> Record extracts:
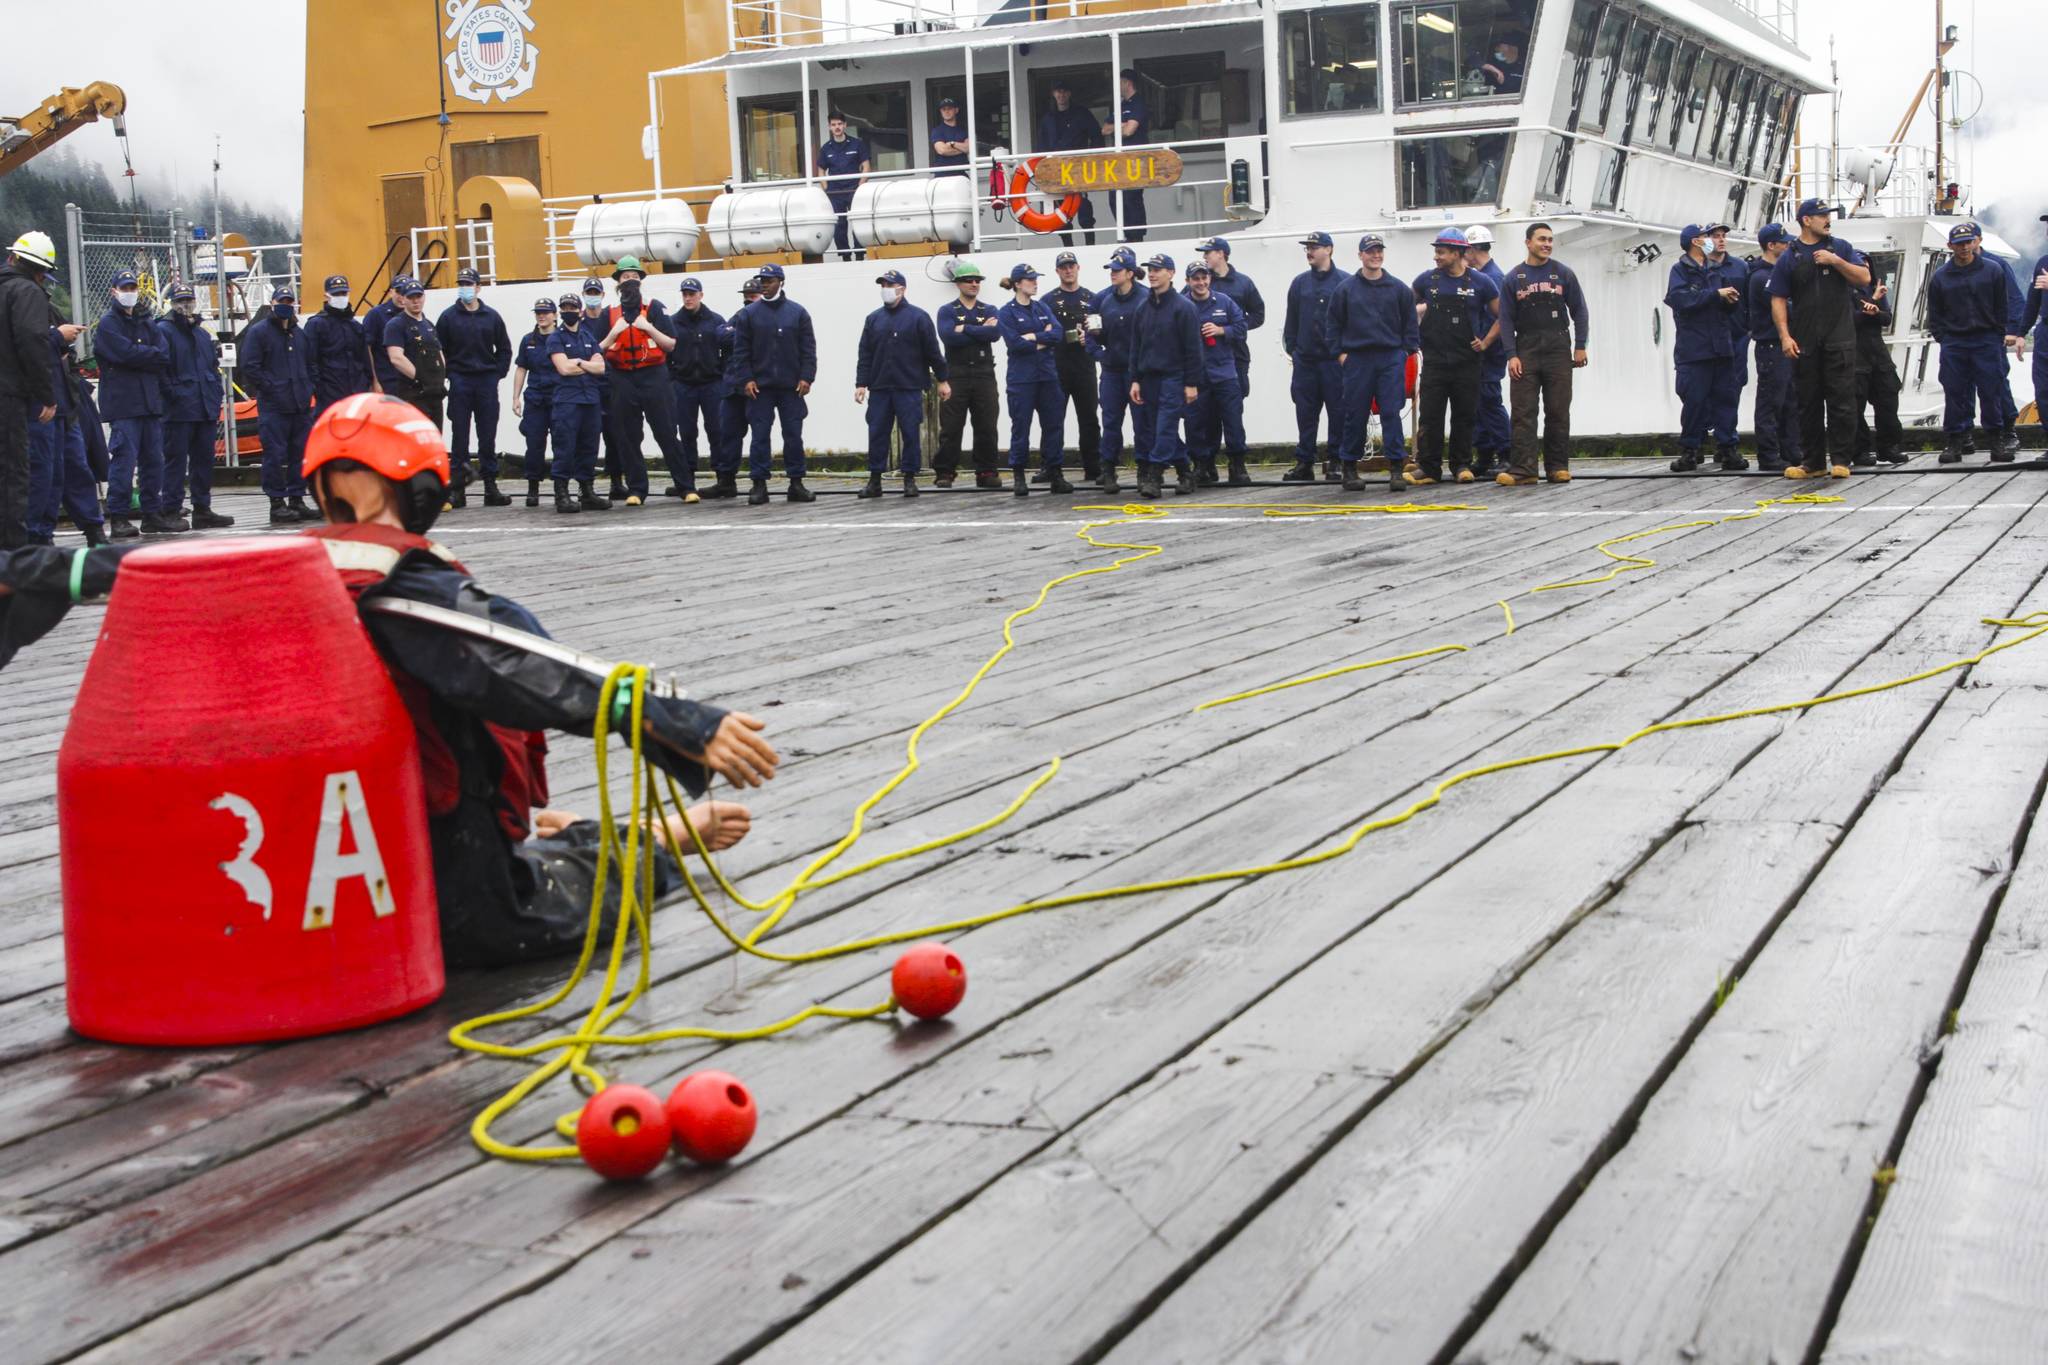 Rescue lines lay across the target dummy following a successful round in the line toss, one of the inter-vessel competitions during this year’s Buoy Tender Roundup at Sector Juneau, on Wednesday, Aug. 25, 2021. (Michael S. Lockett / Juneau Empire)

--

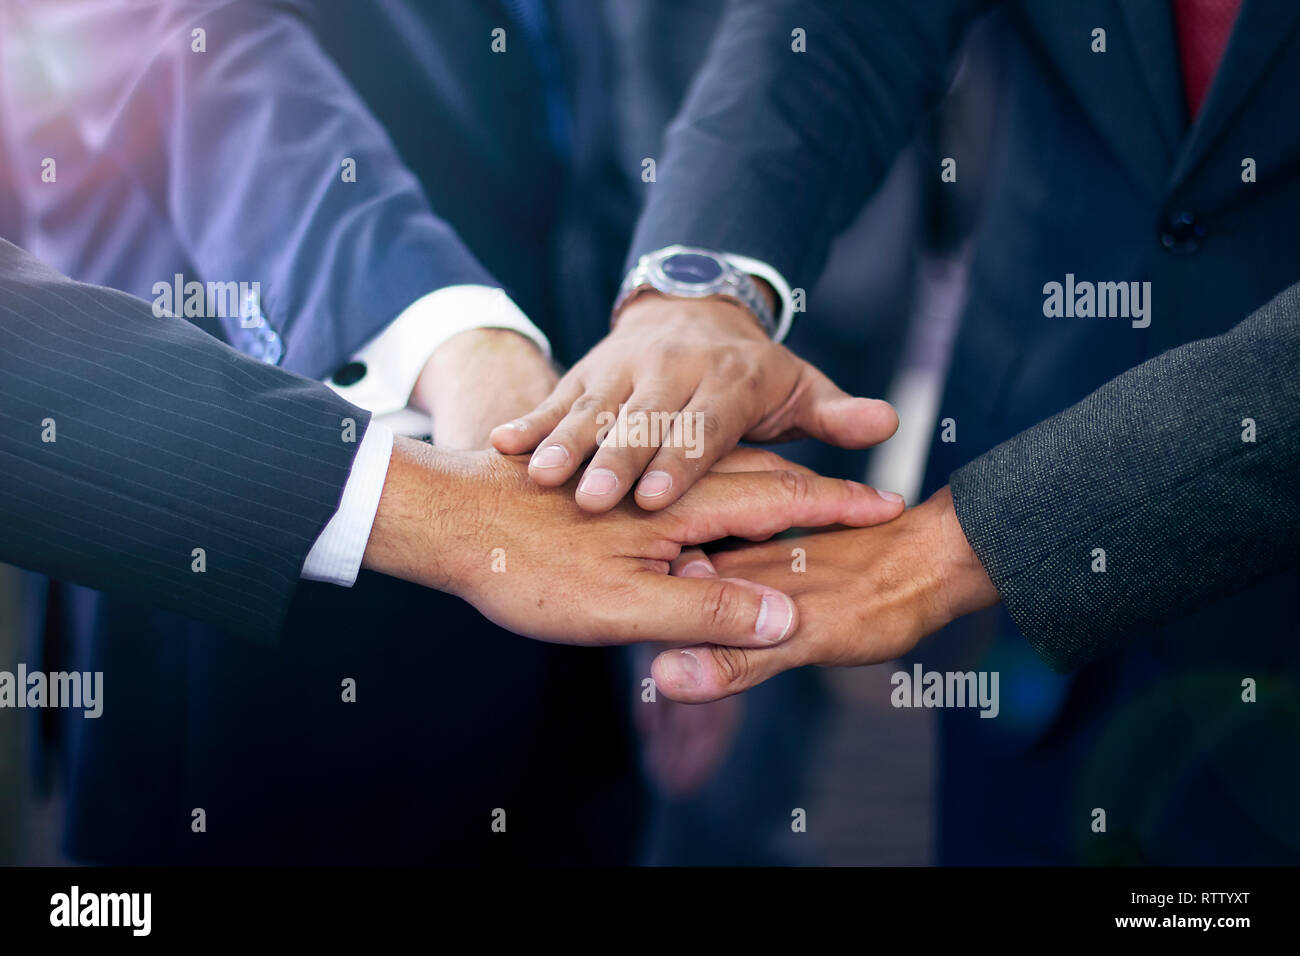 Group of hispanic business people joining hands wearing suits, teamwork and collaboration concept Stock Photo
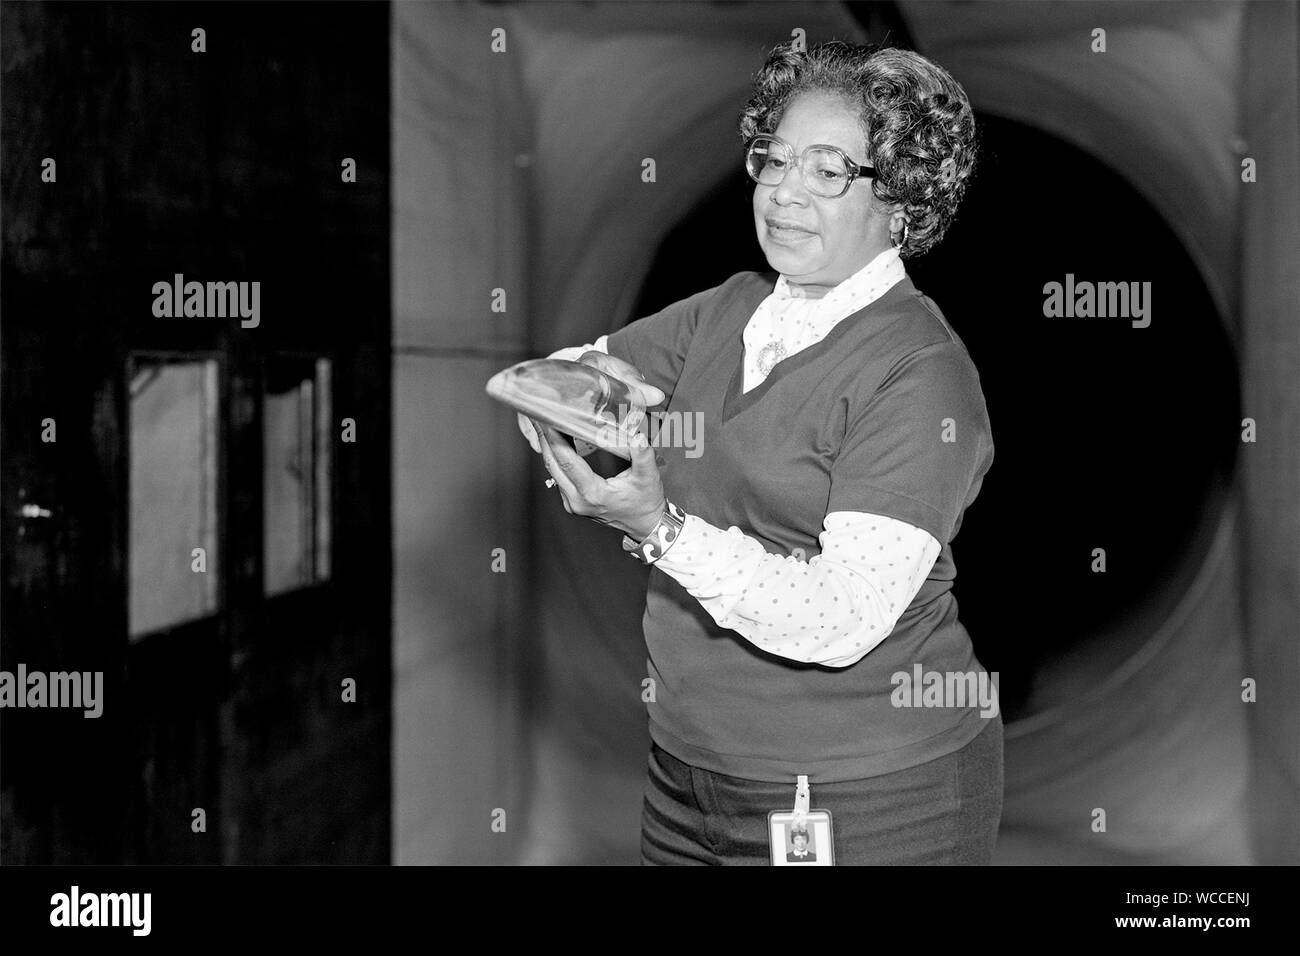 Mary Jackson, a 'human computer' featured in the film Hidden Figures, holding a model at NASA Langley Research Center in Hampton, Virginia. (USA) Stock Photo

> Work to be completed:
Above, find the line holding "Group of hispanic" and the line holding "Mary Jackson, a". Print exactly those two lines and every line between them, but no pictures.

> Answer box:
 Group of hispanic business people joining hands wearing suits, teamwork and collaboration concept Stock Photo
 Mary Jackson, a 'human computer' featured in the film Hidden Figures, holding a model at NASA Langley Research Center in Hampton, Virginia. (USA) Stock Photo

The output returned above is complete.